He's now approaching 18 weeks, and over the past week or two he's showed substantial resistance to walking. It doesn't seem like he's afraid to walk ... he doesn't appear to be in any physical pain ... just more lazy than anything, and not interested in walking. When we take him outdoors, he'd rather sit down ... roll on his back ... or lie down on the sidewalk. This obviously isn't very condusive to our attempts to transition from paper-training to housebreaking.

We've tried leash walking and an easy-walk harness. Neither seems to have a better effect. I've read that this can be common, but I guess I'm just either looking for someone to tell me that it's okay, and he'll get past it ... or give me some guidance about how to help improve the situation so that he doesn't get locked into the mentality that this is acceptable.

Thanks very much!


----------



## lalala (May 3, 2008)

Hello and welcome to the forum!

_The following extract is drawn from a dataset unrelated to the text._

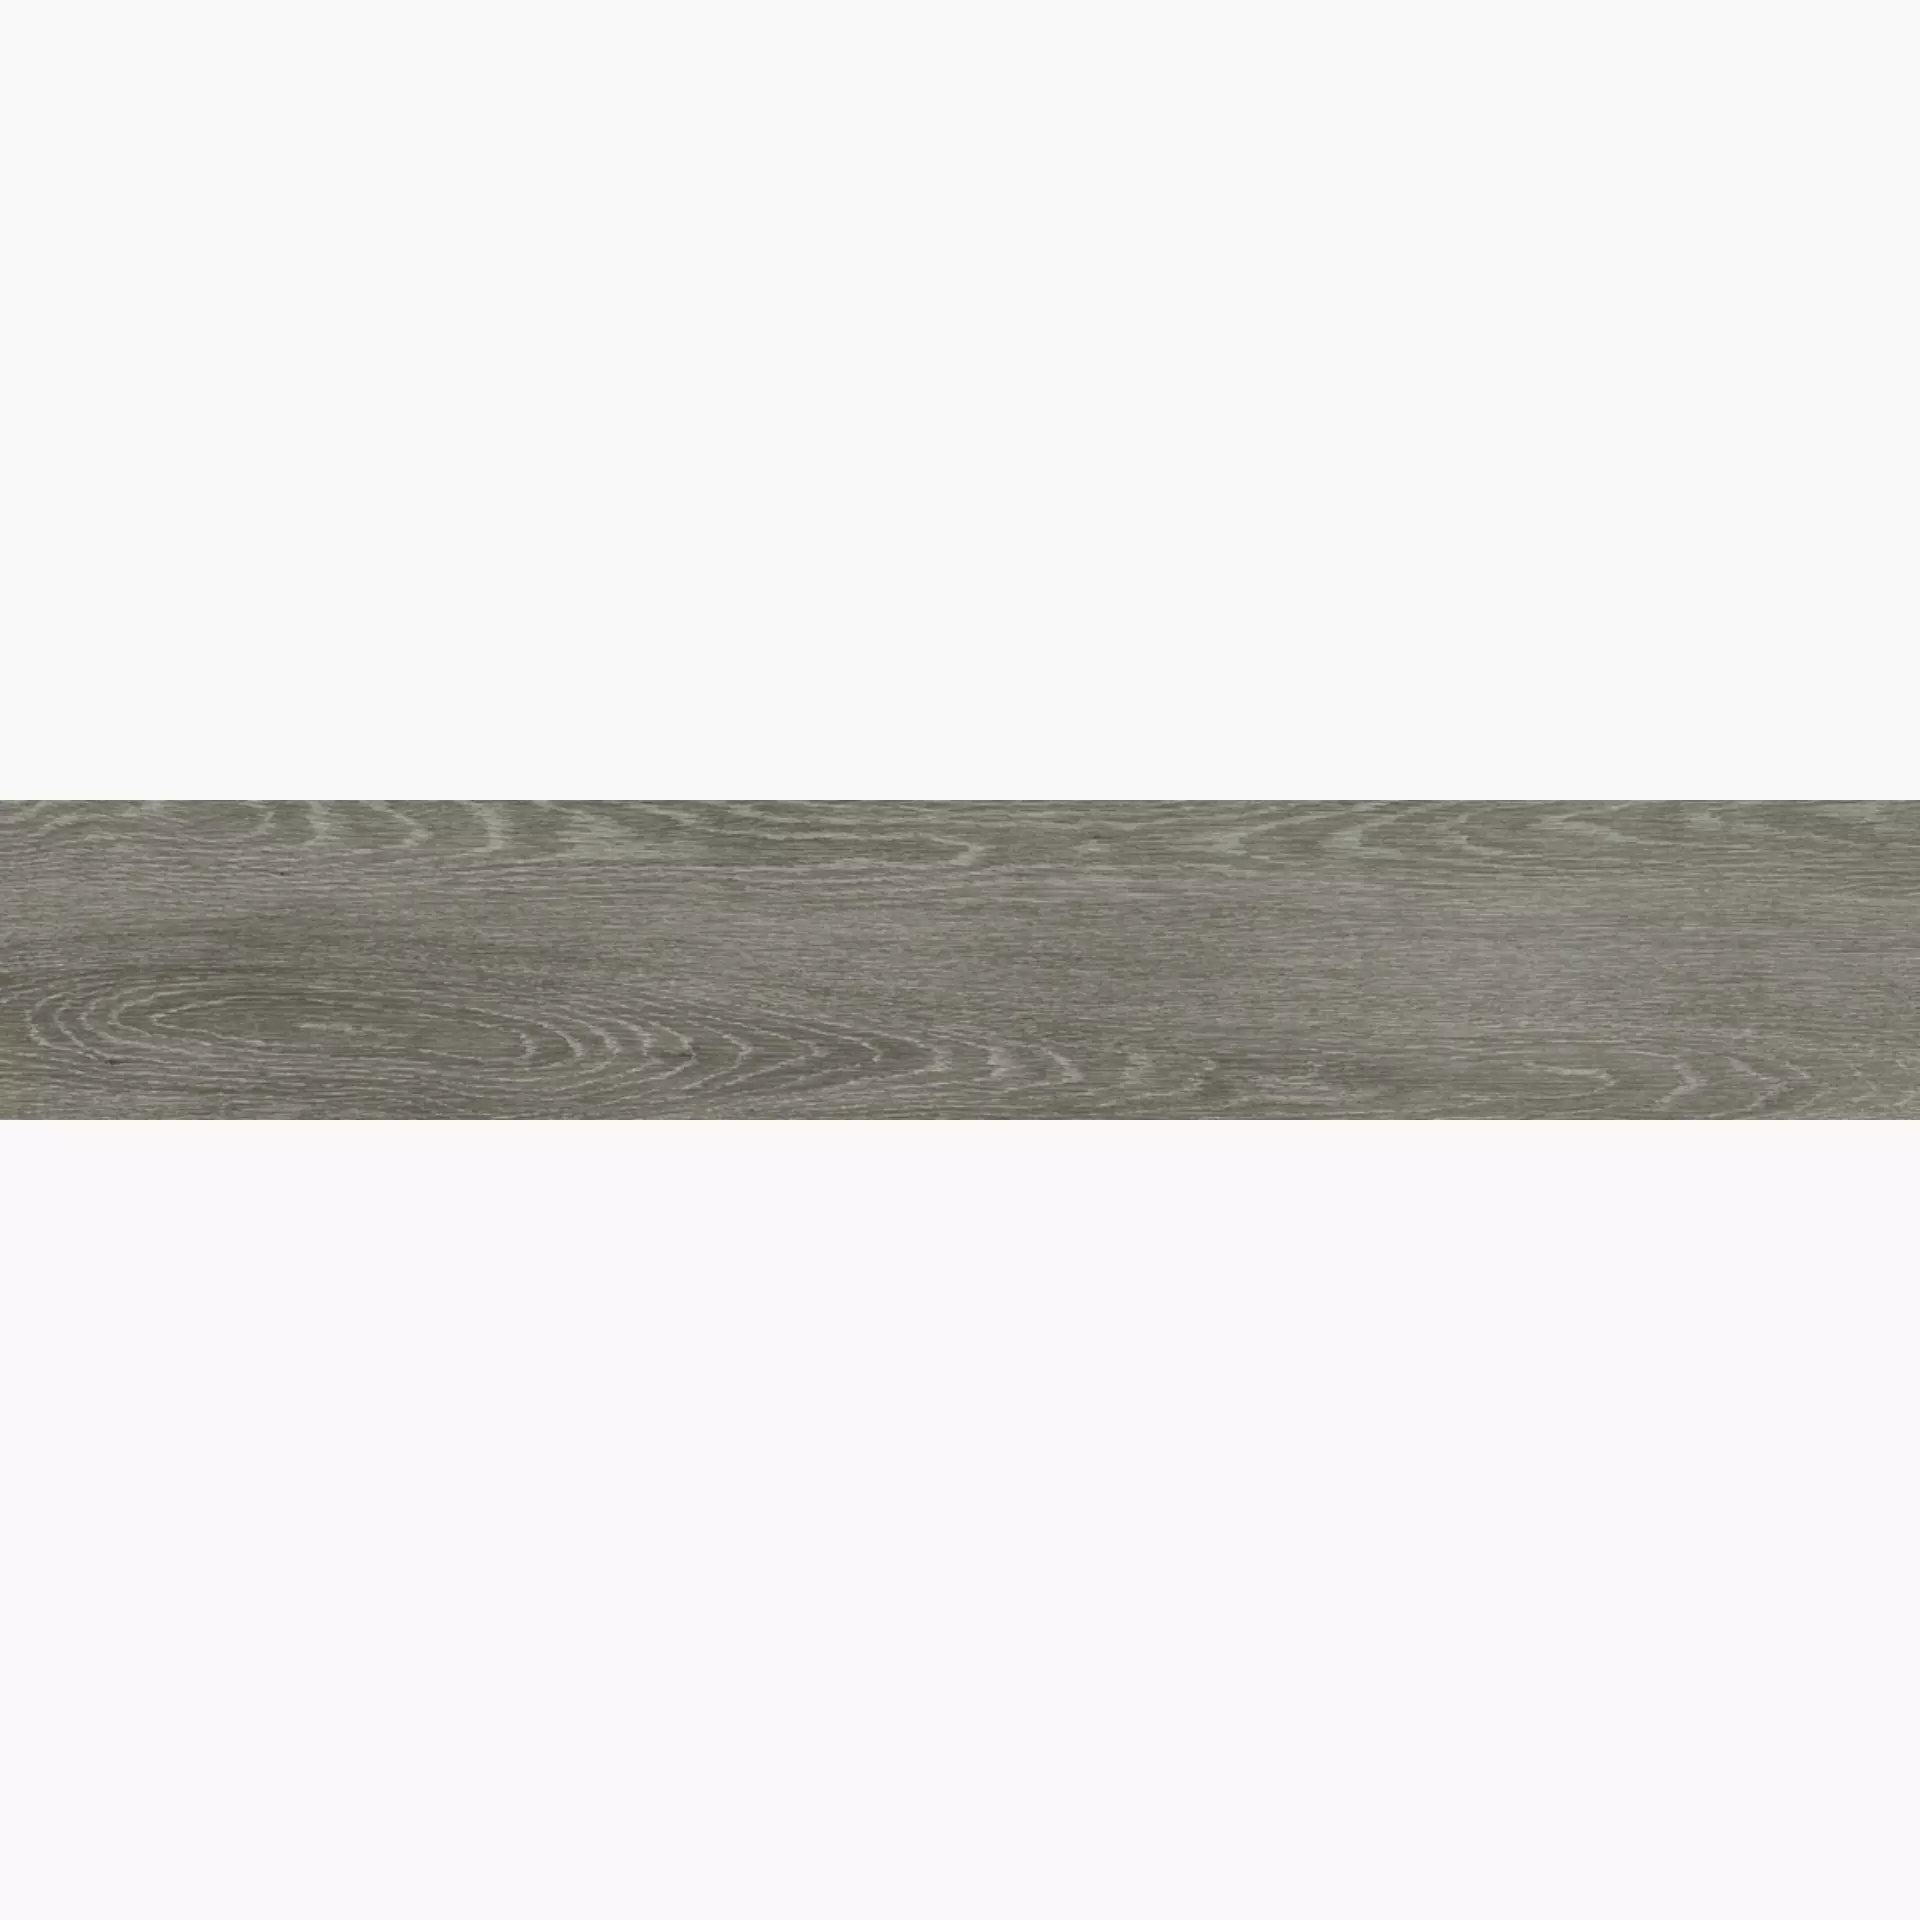 Ergon Tr3Nd Taupe Naturale E419 20x120cm rectified 9,5mm

I personally don't have any experience in this but my friend's puppy (around your pup's age-when they start going outside) didn't really care for his walks either. So she arranged a double walk date with her sister with her dog and it worked out quite well. Do you know somebody who is willing to go for a walk with you and your pup? Maybe he doesn't know how fun it can be yet. And you live in NYC!!! He needs to love his walks! Good luck and when you get a chance, please post pictures of your puppy. We love pictures in this forum


----------



## uptown (Aug 25, 2008)

Thanks for the response. Yeah, on one of our trips, he was walking with another dog, and that seemed to help. Right now we have a dog walker come when we're working so maybe we can have the walker arrange for walks with another compatible pup. Here's a recent picture of "Scout".


----------



## lalala (May 3, 2008)

Scout is so cute!!! Puppies do get a little scared/hesitant at first. I think he'll start to love his walks very soon  

Have you tried to give him treats (as you train him to walk on a leash)? There are many experts here so I'm sure you'll get lots more tips!


----------



## marleysmummy (Jul 11, 2008)

Hi there, I know exactly what you are going through, Marley is 16 weeks and behaving exactly the same. We live in an apartment in Buenos Aires so are currently going from paper training to housebreaking and it was going well at first but now he is refusing to walk. I have tried taking him on different routes and talking to him in a really happy excited voice all the way (which gets some strange looks from other people!) it seems to be helping a bit. I have also made the walks a little shorter as I think by later in the day he was getting a little tired because we were walking 6 or more times a day so he could do his business.


----------



## Softpaws (Apr 8, 2008)

I would get Marley and Scout into puppy training classes. The instructor should be able to help you. We started walking Willow, now 16 weeks old, at 8 weeks and like all puppies she was all over the place. The instructor recommended pea size pieces of cheese to lure her along. You hold the treat by her nose and say, "let's go" then start walking. Give her the cheese after a 100 feet of walking by your side. Also lots of praise. Our girl doesn't like the heat and full sun. So maybe try the mornings or evenings.


----------



## BeauShel (May 20, 2007)

Hello and welcome to the forum,
Great advice and just keep working with him with treats and soon he should start wanting to walk. Especially if you have a friend with a pup that can walk with him.


----------